Levinas's Rhetorical Demand: The Unending Obligation of Communication Ethics by Ronald C. Arnett & Algis Mickunas
Author:Ronald C. Arnett & Algis Mickunas
Language: eng
Format: epub
Tags: Language Arts & Disciplines, General, Communication Studies, Rhetoric, Philosophy, Ethics & Moral Philosophy
Publisher: SIU Press
Published: 2017-03-15T00:00:00+00:00
Levinas on Justice
A communal view of justice shoulders the importance of having concern for the neighbor; justice assumes a burden for those not present. Justice “relates back to the infinite original right of the neighbor, and to responsibility for the other . . . the third party.”47 Levinas refers to the notion of justice in twenty-three out of his twenty-four books, using the term at least three hundred forty times. His perspective acknowledges the communal nature of justice. Levinas’s contention is that justice dwells within a community constituted by a commitment beyond law. This sense of community has phenomenological proportions and includes those not immediately proximate. The third party, the unknown neighbor, provides a rationale for the use of violence in defense of “the third party.”48 Justice increasingly arises as “multiplicity” calls us to attend to those not proximate to us (Levinas, Is It Righteous, 223). Multiplicity commences with attentiveness to “singularity” as one acknowledges those not present at the immediate table of decision making (262); justice concentrates on the uniqueness of needs, hopes, and demands of unseen neighbors. In ethics, the uprightness of the face of the Other moves one to responsibility. In justice, participation in a covenant that extends beyond our reach demands responsibility for an unseen Other. Justice demands action out of moral height that embraces responsibility for an unknown Other. In contrast to this expanded conception of a community situated within justice, one finds evil living wherever there is hapless despair on the part of the ignored, forgotten, and abandoned—the unseen and unheard neighbor.49
With justice, contrary to the common tendency to disremember and ignore, one discovers no statute of limitations that relieves one of the particularity of concern and care for the neighbor. Levinas describes “the endless requirement of justice hidden behind justice, the requirement of an even juster justice, more faithful to its original imperative in the face of the other” (Levinas, In the Time, 121). The act of justice, however, is not charity. Charity, when rightly engaged, cries for justice that attends to care for an unknown Other. Justice is distinct from charity in that it introduces a form of equality and measure (131). At the same time, justice without charity morphs into a legalistic action of abstraction that trumps genuine concern for the neighbor. Justice tied to a community assumes concern for an unknown Other, education, and the admission that the perilous nature of justice emerges beyond law and/or charity.

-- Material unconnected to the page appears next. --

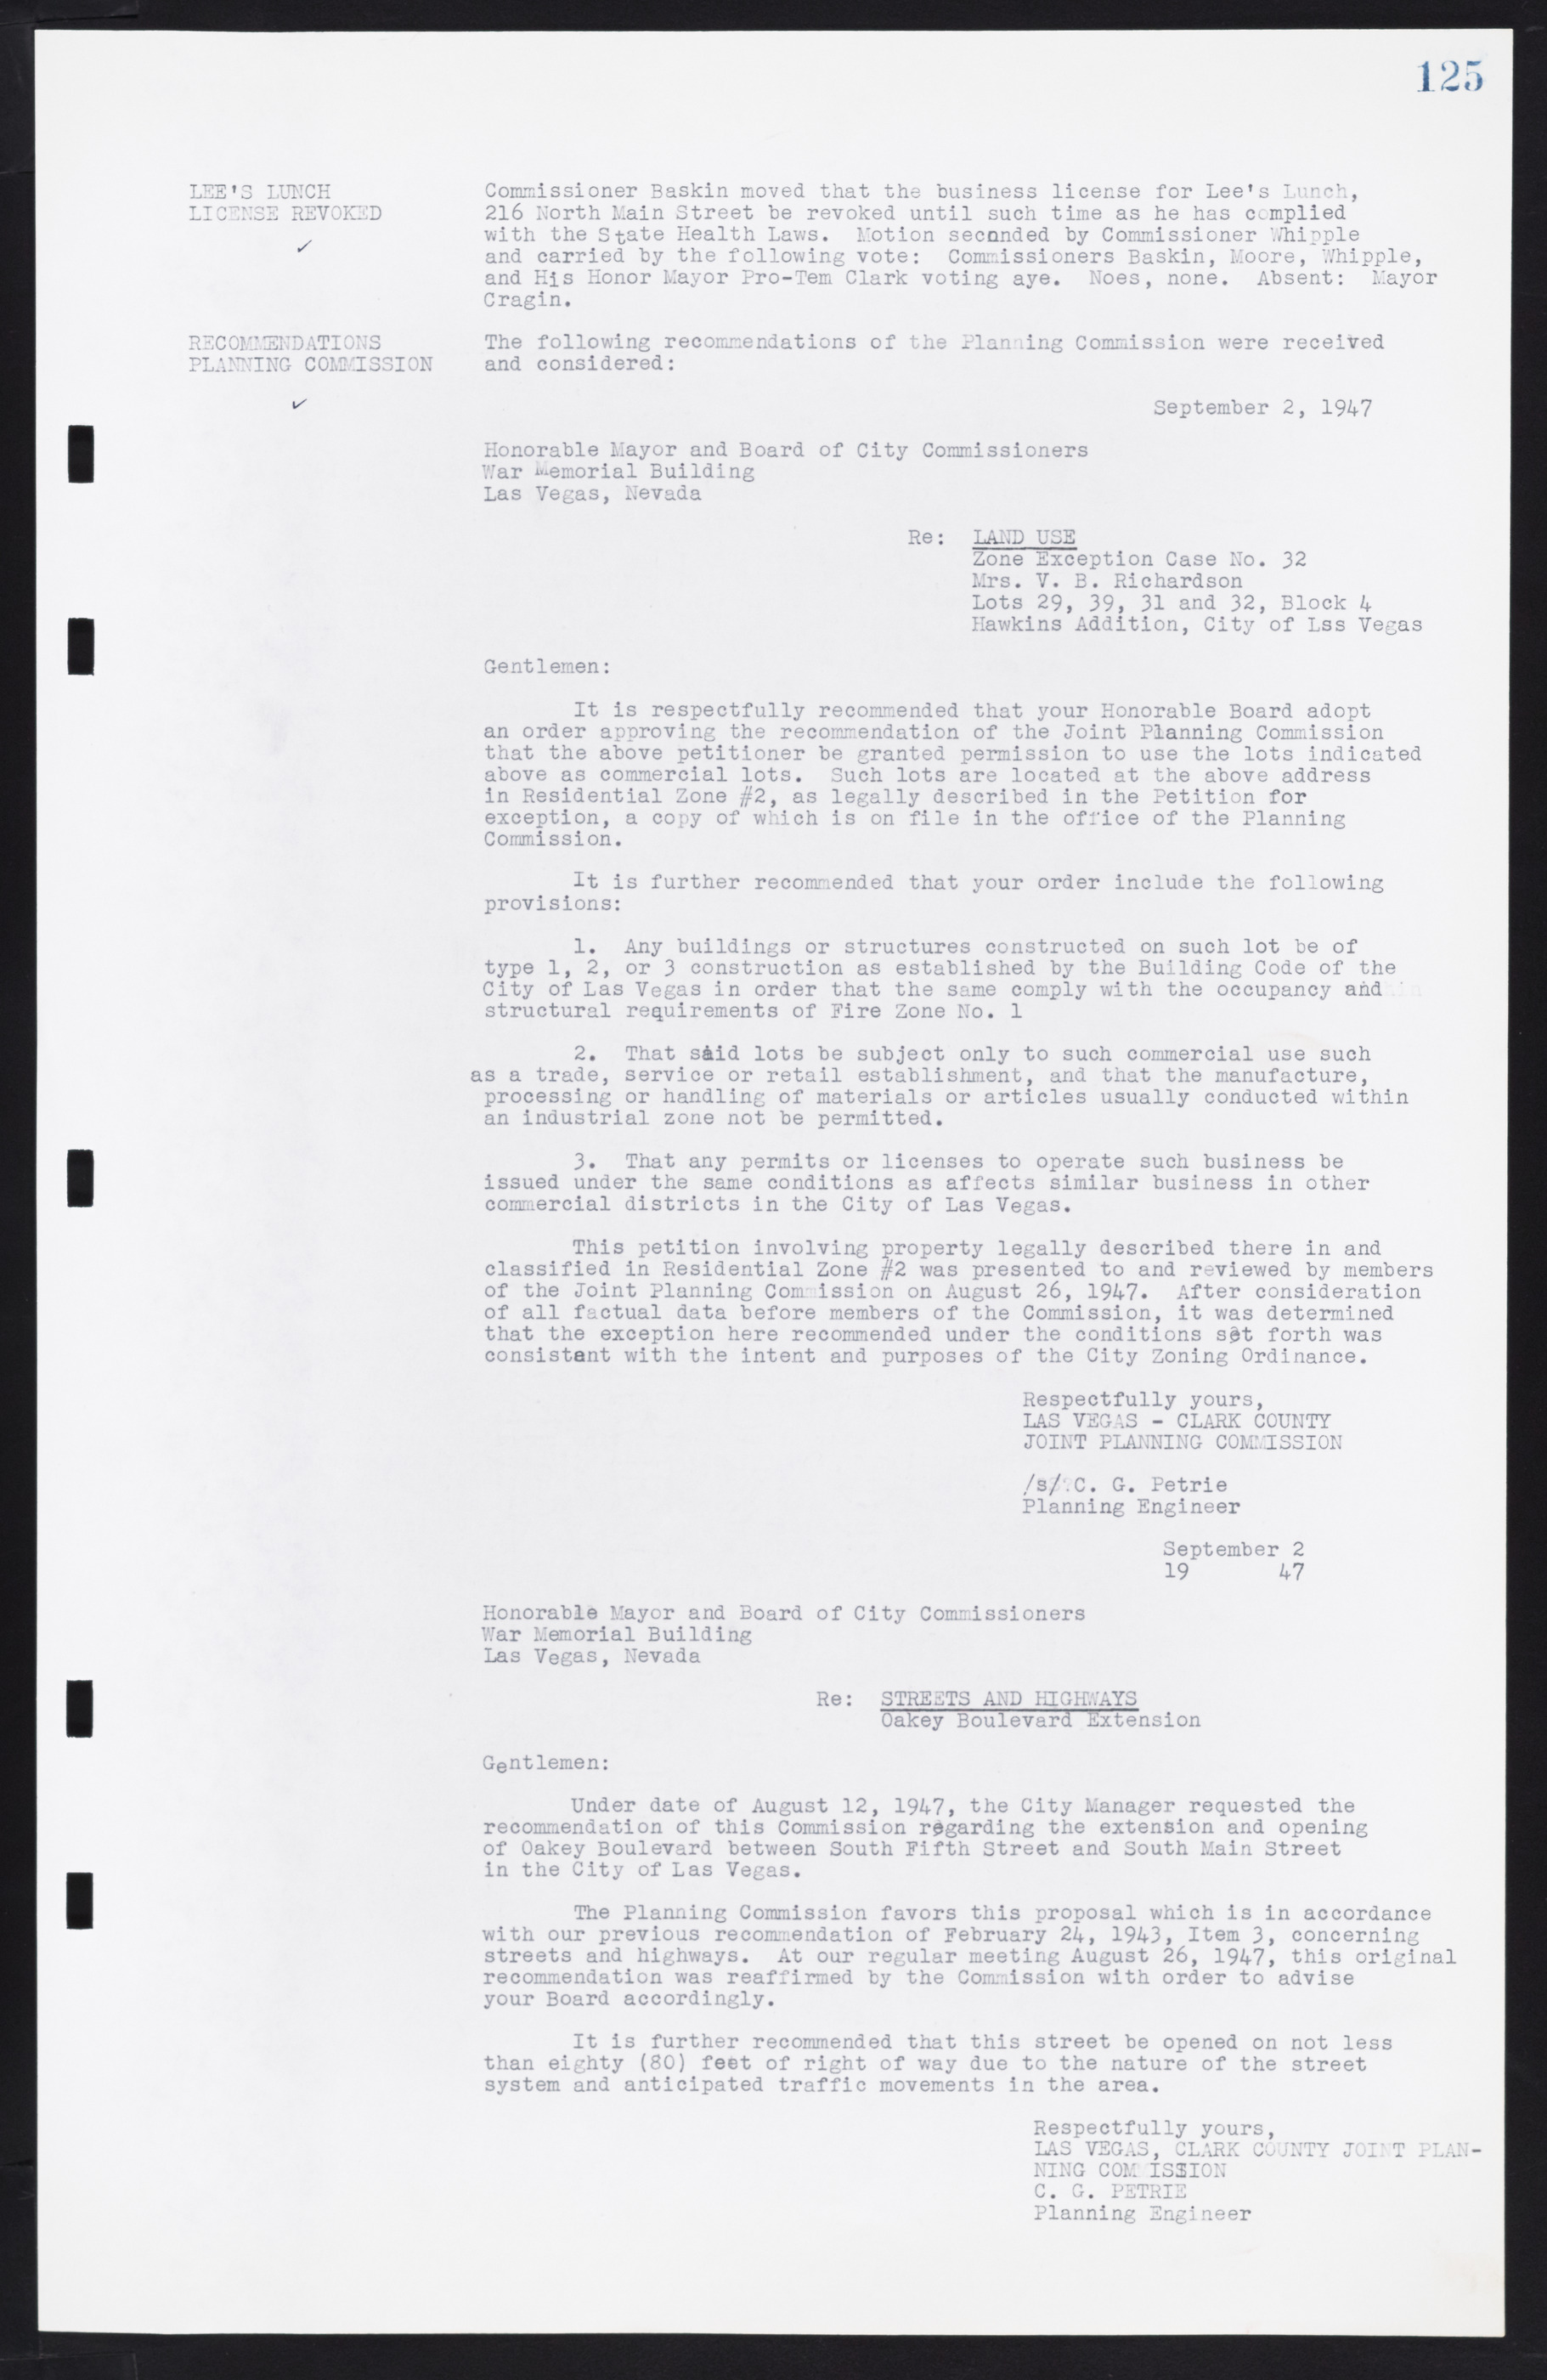 Las Vegas City Commission Minutes, January 7, 1947 to October 26, 1949, lvc000006-143

Justice is the center of Levinas’s conception of truth, for truth emerges only when freedom becomes a question. The realm of justice works as a restraint on absolute freedom. One is subordinated to the Other, which nourishes the reality of conscience. Justice is possible when conscience inhibits self-concerned exploitations of one’s freedom. The critique of my own freedom commences with my welcome of the Other, which puts “in question my freedom.”50 The lie of an “evil genius” frequents the “interspace” between the illusory and the serious; it is the realm of mockery that eclipses the face of the Other (Levinas, Totality, 91).